Like just about everything else, Security in .NET is a lot different than it was in the old days. I discussed the basics of security here and if you aren't familiar with Declarative and Imperative Security, you may want to read it before continuing. I want to show a practical example of using Declarative Security and Attributes to make your application more secure and do it the .NET way.
Let's say that you wrote a generic method to open a file, read the data out of it, and do whatever with it. However, assume that one of the requirements is that your program can't read anything in a given directory, say WINNT, but it can write to it, as long as it doesn't overwrite an existing file. Back in the old days, you might do something like this:
1) At the beginning of the function, look at the string being passed in which represents the path and filename of the file you want to open.
2) Parse out the path and verify that it's not a prohibited path.

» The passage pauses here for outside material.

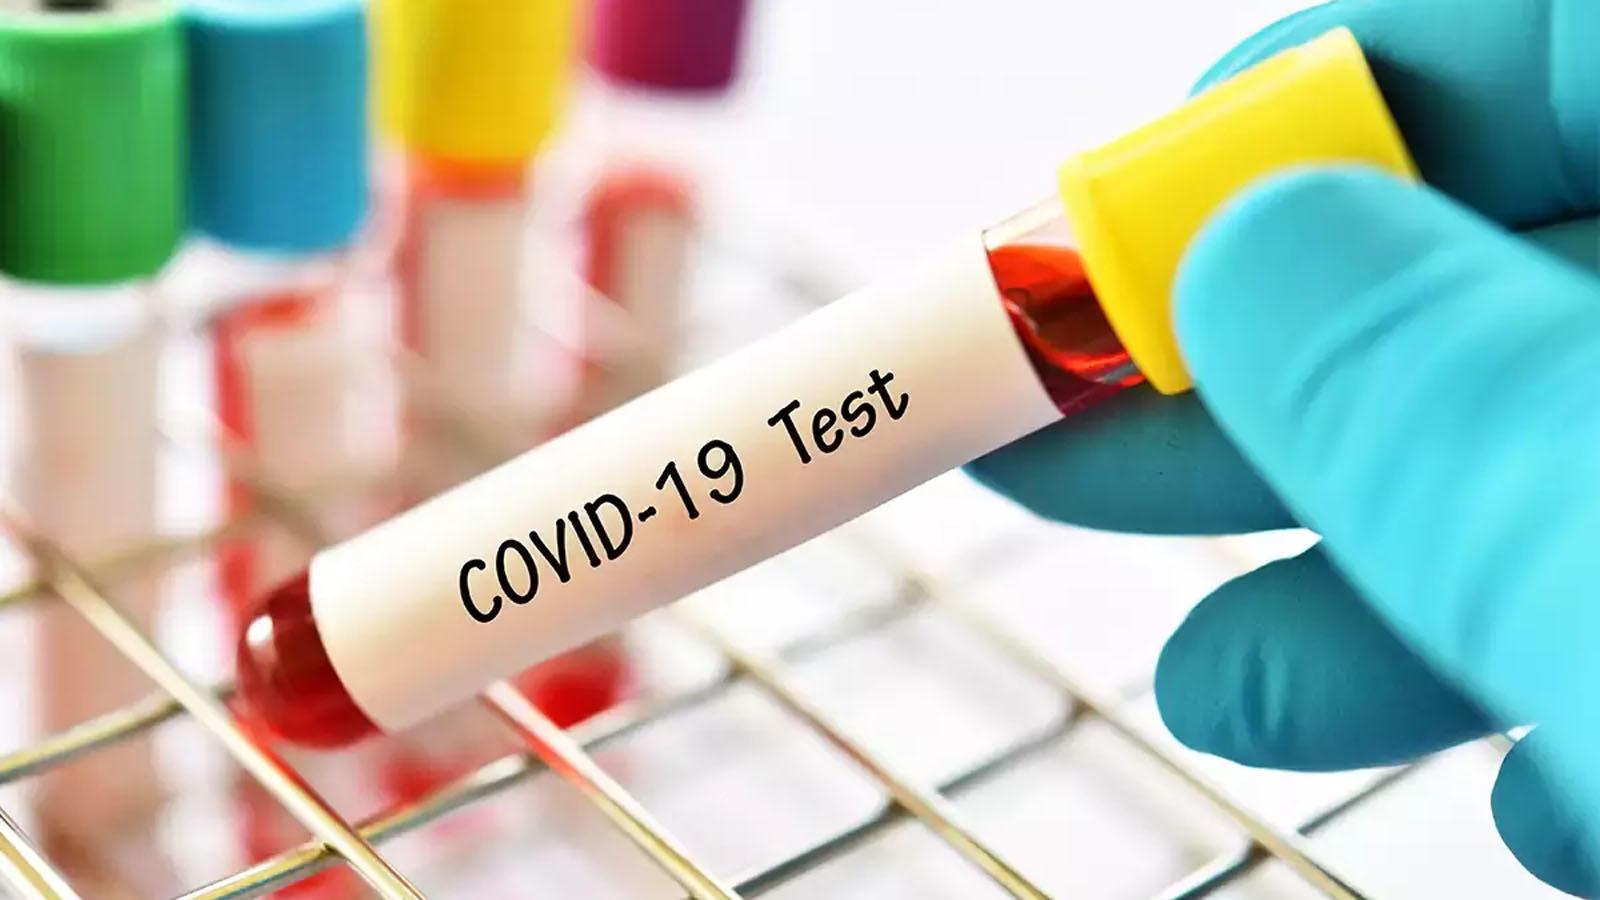 covid-19-chhattisgarh-punjab-odisha-lead-slowdown-in-new-cases

3) If a prohibited path is found, alert the user and exit, or just exit, or ask the user to select another file
Now, if at first the requirement is simply that your program can't access the directory, this is straightforward enough. On the other hand, if you can allow the user to write to the directory but not read from it, then you are going to have to do some branching and can't just reject the request. A lazy programmer may just decide that they don't want to go through the hassle and just not let the user touch the given directory, but that could unnecessarily burden the user and if there was a compelling reason for writing to that file, the whole logic of your program would need changed. Most projects tend to grow in complexity so a scenario such as this isn't hard to imagine. Ok, easy enough..you write the branch logic and off you go. Now, let's assume that next week you were asked to cutoff Write Access to C:\SomeDirectory, C:\SomeOtherDirectory, and C:\AnotherDirectoryAllTogether. In addition, you were to cut off Read Access to C:\ReadDirectory. All of a sudden, a small code snippet would be littered with Branching statements, and in all likelihood, you'd really need to test it to make sure that you covered all of your bases. Assume for a second that you were actually going to test for a directory's existence, parse the file name, and then determine what could and couldn't be done. It doesn't take much imagination to see that properly implementing such a thing could easily run you a few hundred lines if you had enough directories (and files) and if read/write access was different for them.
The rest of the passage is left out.